The conventional risk factors, such as high cholesterol, smoking, diabetes and high blood pressure, account for many but not all deaths from cardiovascular causes. As a result, doctors are always searching for better ways to identify patients at risk of cardiac death.
The new research indicates that an abnormal response to an early beat in the left ventricle, the heart's main pumping chamber, can identify high-risk patients even when they have no other evidence of cardiovascular disease.

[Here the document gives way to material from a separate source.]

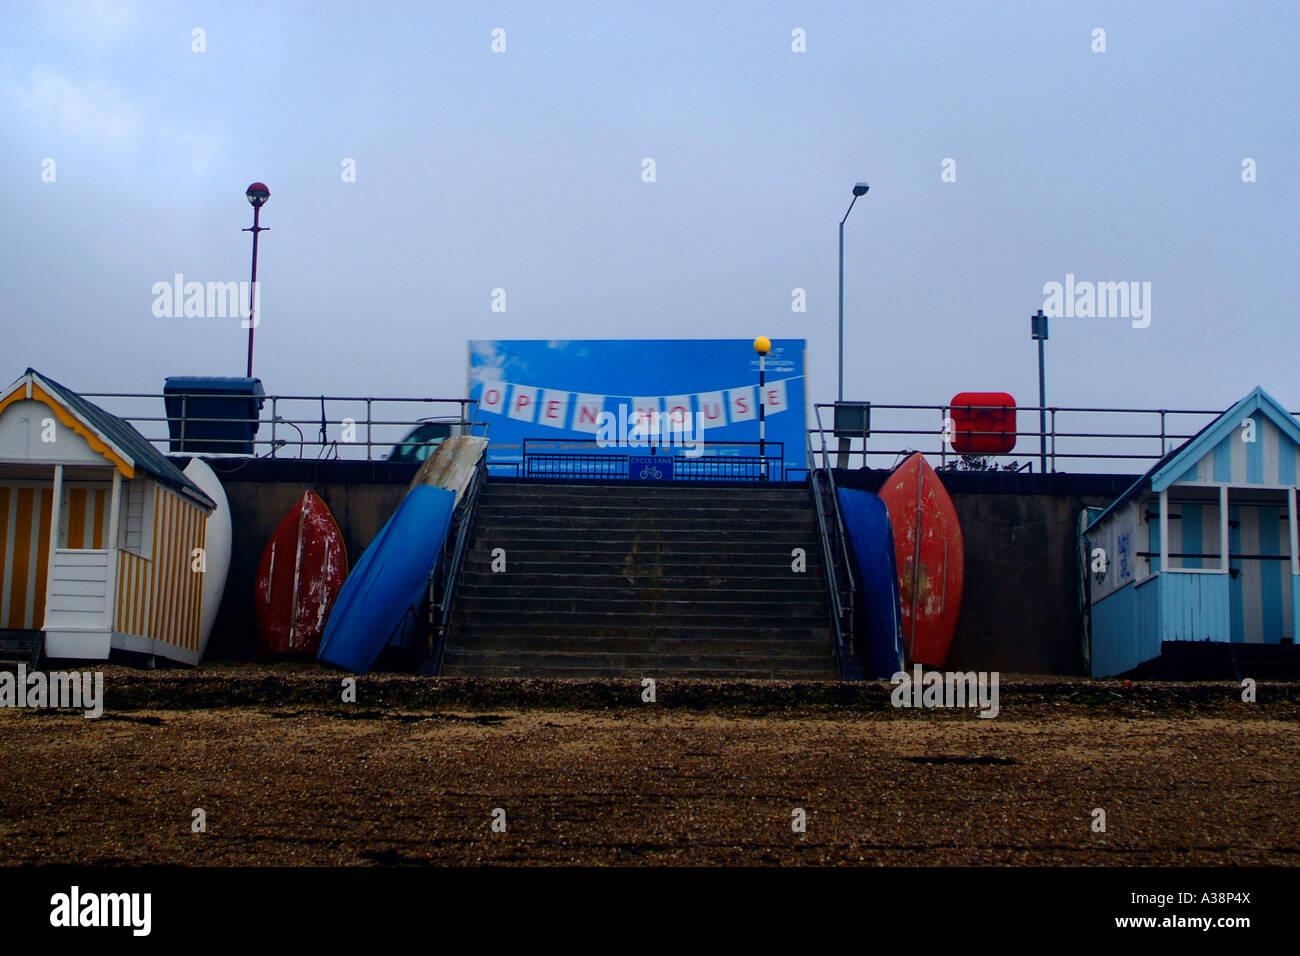 Fährt ein Fahrzeug mit einem großen Plakat auf der Rückseite an einer Strandpromenade mit der Botschaft Stockbild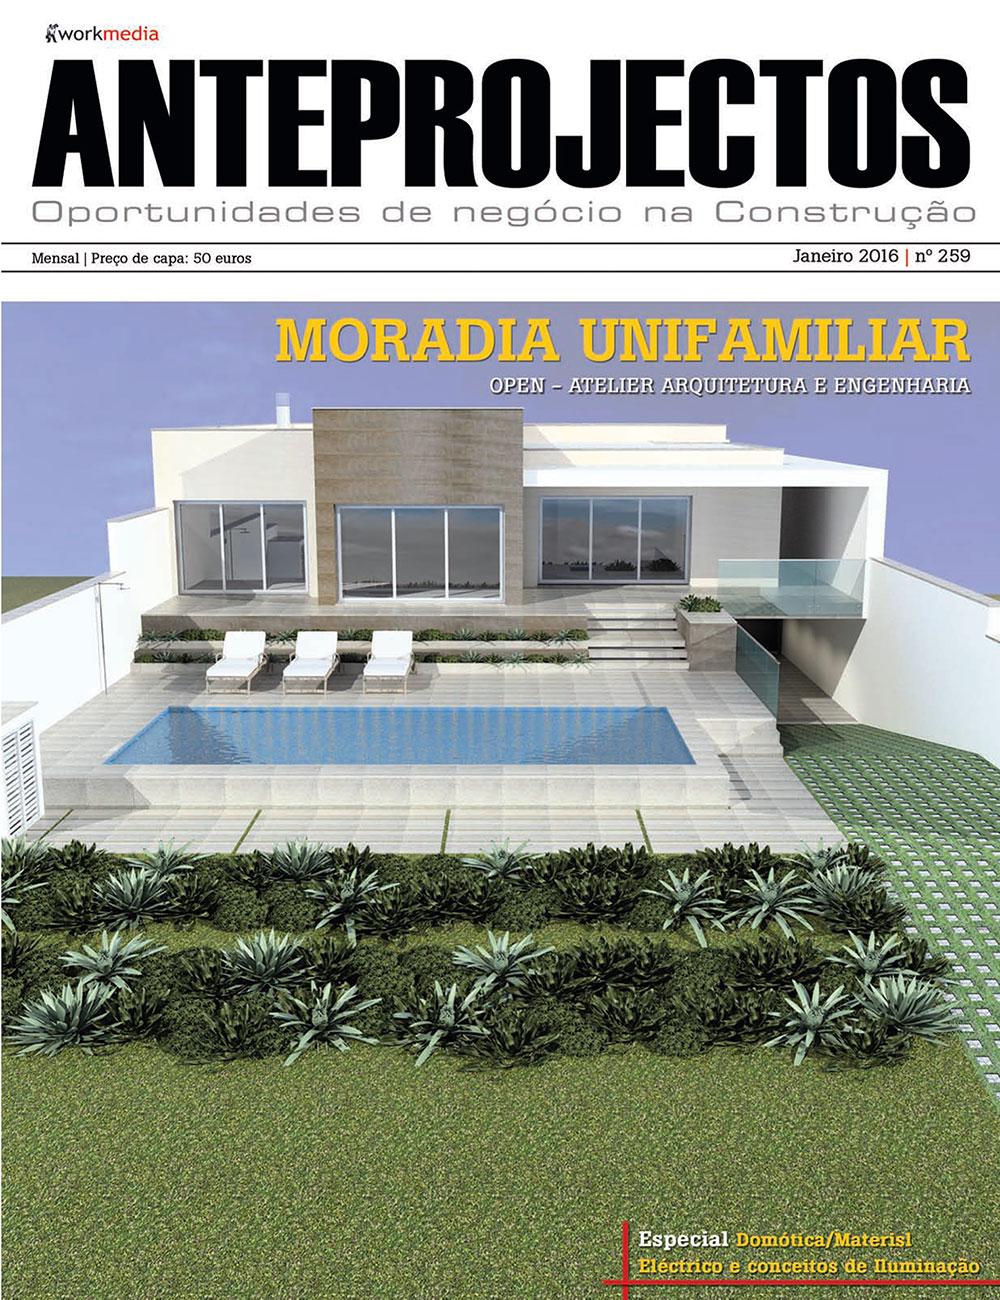 Revista Anteprojectos 259, Destaque

"These are people we do not expect to die of cardiac causes," says Phyllis K. Stein, PhD, research associate professor of medicine and director of the Heart Rate Variability Laboratory at the School of Medicine. "They appear healthy, but they're not. We have shown a way they're not healthy that isn't showing up using standard tests."
The work appears Feb. 15 in the Journal of Cardiovascular Electrophysiology.
A ventricular premature beat (VPB) occurs when the ventricle gets an inappropriate signal causing it to beat before it should. VPBs are common, even in healthy people. The question is not whether VPBs occur, but how the body responds to them. The heart's response to a VPB is called heart rate turbulence. It can be measured with a Holter monitor, a device worn for 24 hours that records a person's electrocardiogram, the electrical signals produced by the heart.
When the ventricle beats early, the heart has not finished filling and it pumps less blood to the body than it should. To compensate, the heart rate speeds up to increase blood flow.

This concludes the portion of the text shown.